Support Proponents of privatization argue that, over time, this can lead to lower prices, improved quality, more choices, less corruption, less
red tape, and/or quicker delivery. Many proponents do not argue that everything should be privatized. According to them,
market failures and
natural monopolies could be problematic. However,
anarcho-capitalists prefer that every function of the state be privatized, including
defense and
dispute resolution. Proponents of privatization make the following arguments: • Performance: state-run industries tend to be
bureaucratic. A political government may only be motivated to improve a function when its poor performance becomes politically sensitive. • Increased efficiency: private companies and firms have a greater incentive to produce goods and services more efficiently to increase profits. • Specialization: a private
business has the ability to focus all relevant human and financial resources onto specific functions. A state-owned firm does not have the necessary resources to
specialize its goods and services as a result of the general products provided to the greatest number of people in the
population. • Improvements: conversely, the government may put off improvements due to political sensitivity and special interests—even in cases of companies that are run well and better serve their customers' needs. • Corruption: a state-monopolized function is prone to
corruption; decisions are made primarily for political reasons, personal gain of the decision-maker (i.e. "graft"), rather than economic ones. Corruption (or
principal–agent issues) in a state-run corporation affects the ongoing asset stream and company performance, whereas any corruption that may occur during the privatization process is a one-time event and does not affect ongoing cash flow or performance of the company. • Accountability: managers of privately owned companies are accountable to their owners/shareholders and to the consumer, and can only exist and thrive where needs are met. Managers of publicly owned companies are required to be more accountable to the broader community and to political "stakeholders". This can reduce their ability to directly and specifically serve the needs of their customers, and can bias investment decisions away from otherwise profitable areas. • Civil-liberty concerns: a company controlled by the state may have access to information or assets which may be used against dissidents or any individuals who disagree with their policies. • Goals: a political government tends to run an industry or company for
political goals rather than
economic ones. • Capital: a privately held companies can sometimes more easily raise investment capital in the financial markets when such local markets exist and are suitably liquid. While interest rates for private companies are often higher than for government debt, this can serve as a useful constraint to promote efficient investments by private companies, instead of cross-subsidizing them with the overall credit-risk of the country.
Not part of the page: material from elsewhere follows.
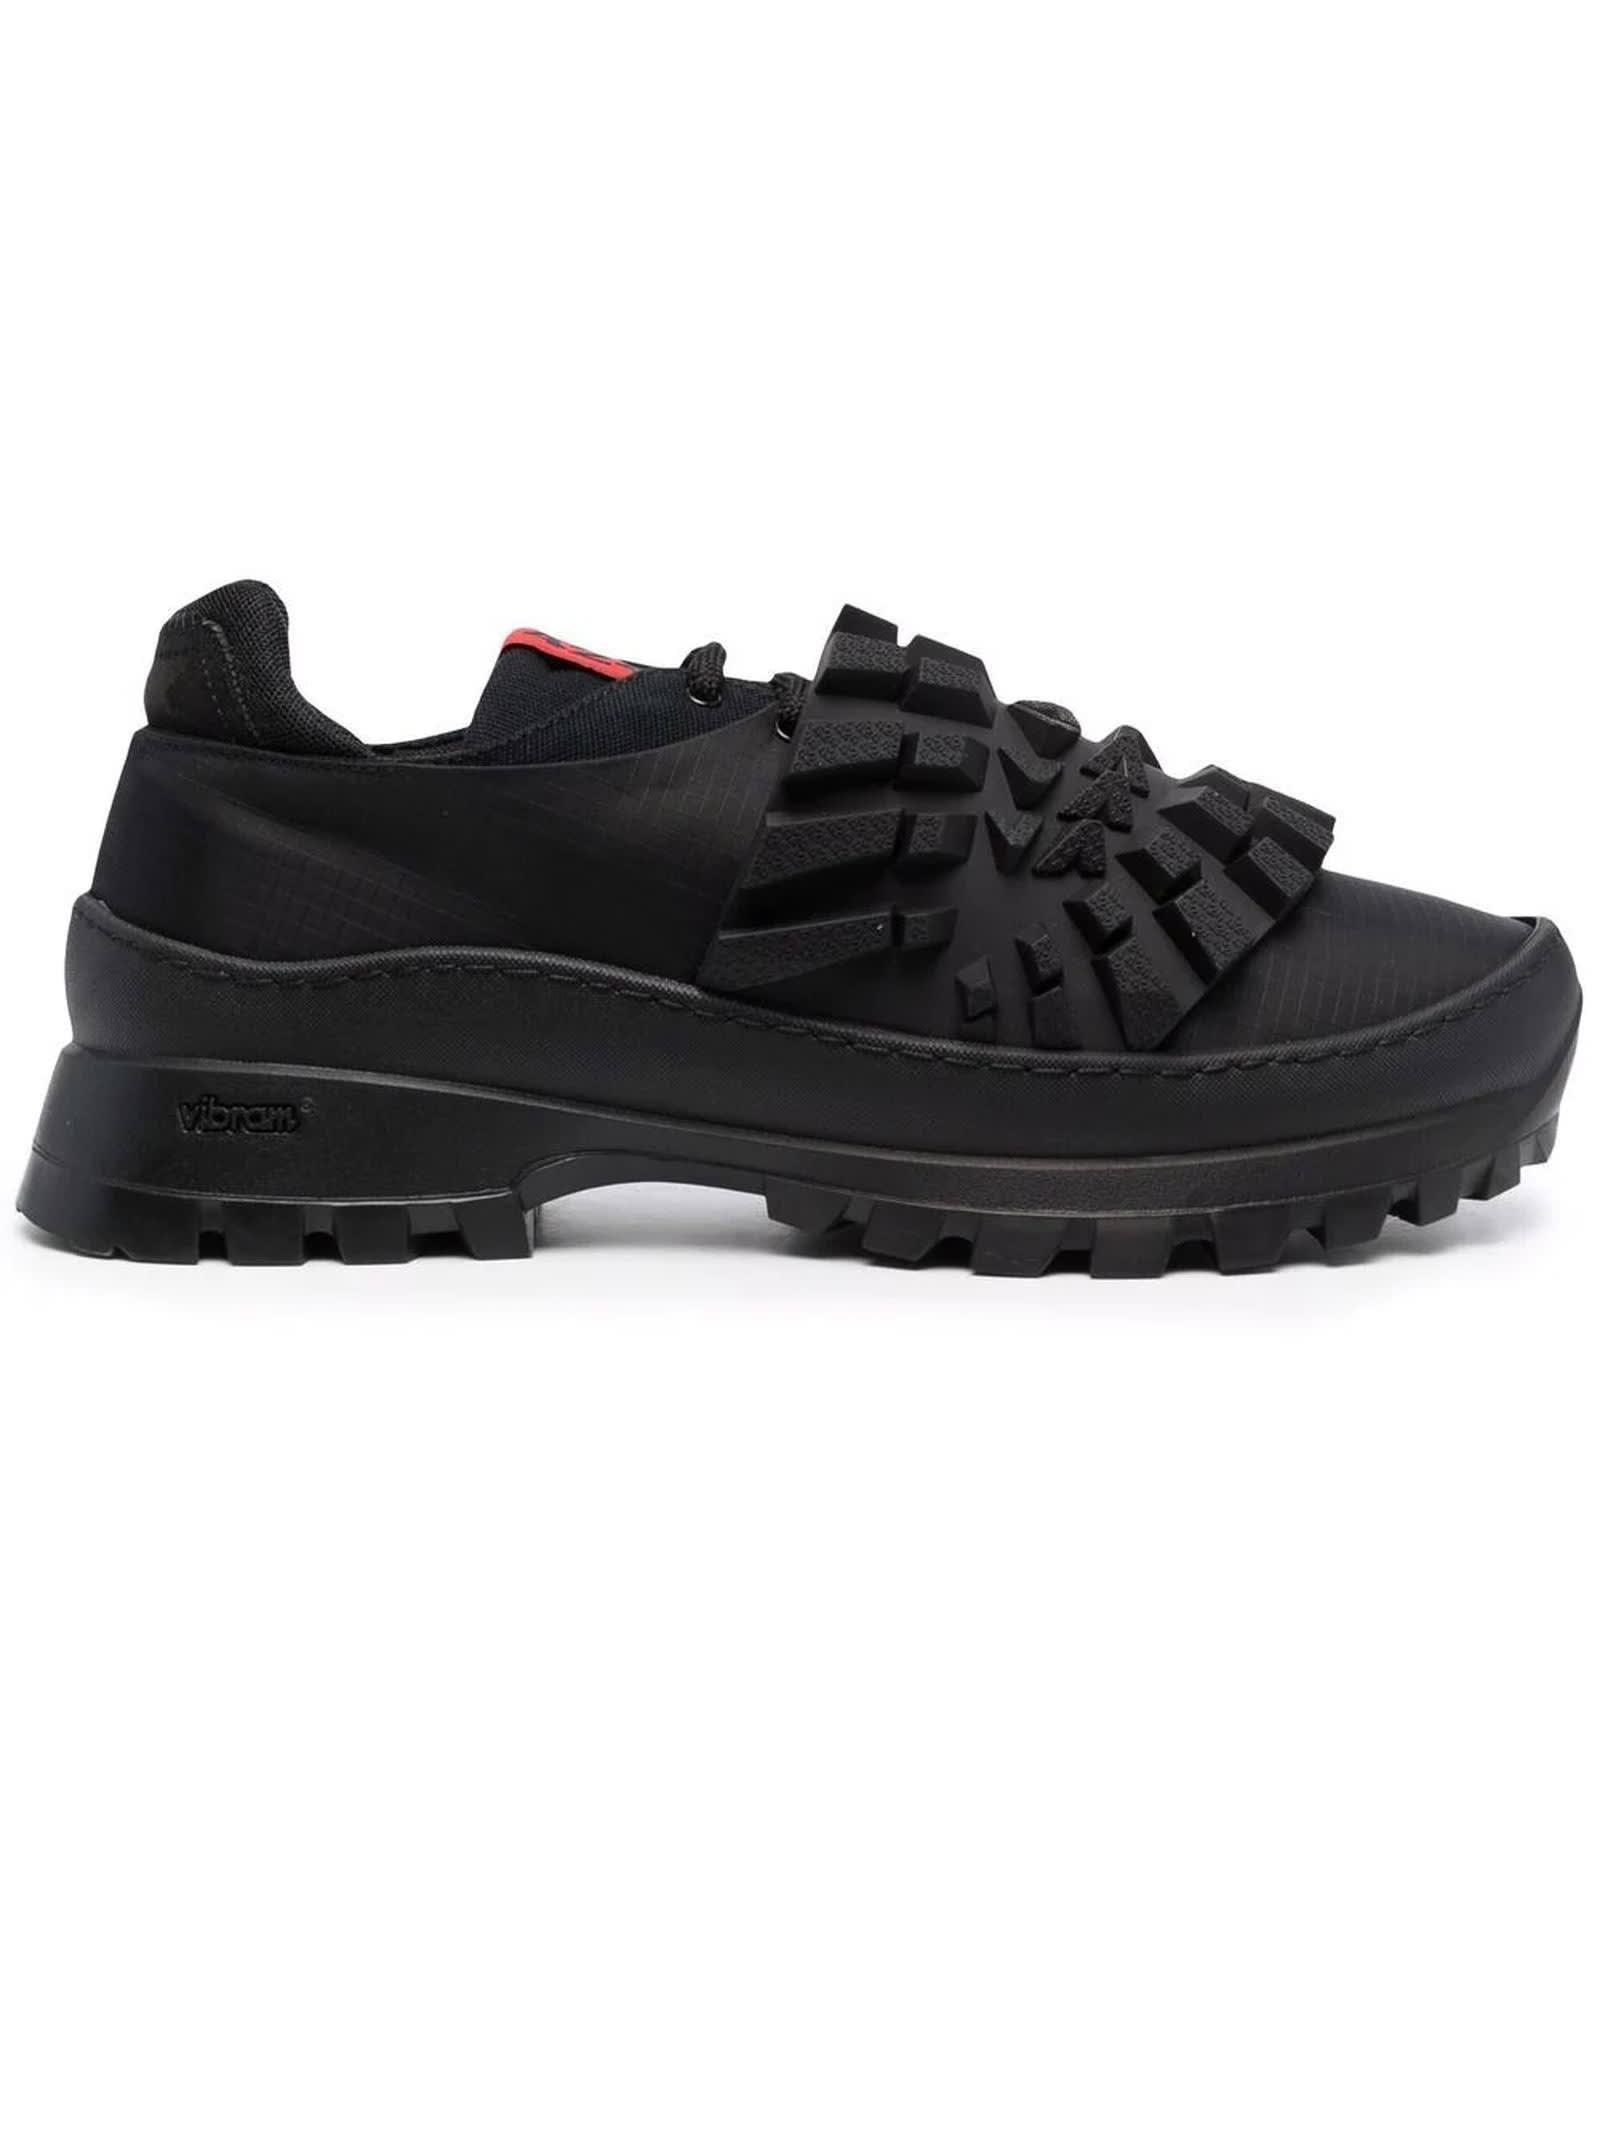 Black Snekers

Investment decisions are then governed by market interest rates. State-owned industries have to compete with demands from other government departments and special interests. In either case, for smaller markets,
political risk may add substantially to the cost of capital. • Security: governments have had the tendency to "bail out" poorly run businesses, often due to the sensitivity of job losses, when economically, it may be better to let the business fold. • Lack of market discipline: poorly managed state companies are insulated from the same discipline as private companies, which could go bankrupt, have their management removed, or be taken over by competitors. Private companies are also able to take greater risks and then seek bankruptcy protection against creditors if those risks turn sour. • Natural monopolies: the existence of
natural monopolies does not mean that these sectors must be state owned. Governments can enact or are armed with
anti-trust legislation and bodies to deal with anti-competitive behavior of all companies public or private. • Concentration of wealth: ownership of and profits from successful enterprises tend to be dispersed and diversified—particularly in voucher privatization. The availability of more investment vehicles stimulates capital markets and promotes liquidity and job creation. • Political influence: nationalized industries are prone to interference from
politicians for
political or
populist reasons. Examples include making an industry buy supplies from local producers (when that may be more expensive than buying from abroad), forcing an industry to freeze its prices/fares to satisfy the electorate or control
inflation, increasing its staffing to reduce
unemployment, or moving its operations to
marginal constituencies. • Profits: corporations exist to generate profits for their shareholders. Private companies make a profit by enticing
consumers to buy their products in preference to their competitors' (or by increasing
primary demand for their products, or by reducing costs). Private corporations typically profit more if they serve the needs of their clients well. Corporations of different sizes may target different market niches in order to focus on marginal groups and satisfy their demand. A company with good
corporate governance will therefore be incentivized to meet the needs of its customers efficiently. • Job gains: as the economy becomes more efficient, more profits are obtained and no government subsidies and less taxes are needed, there will be more private money available for investments and consumption and more profitable and better-paid jobs will be created than in the case of a more regulated economy.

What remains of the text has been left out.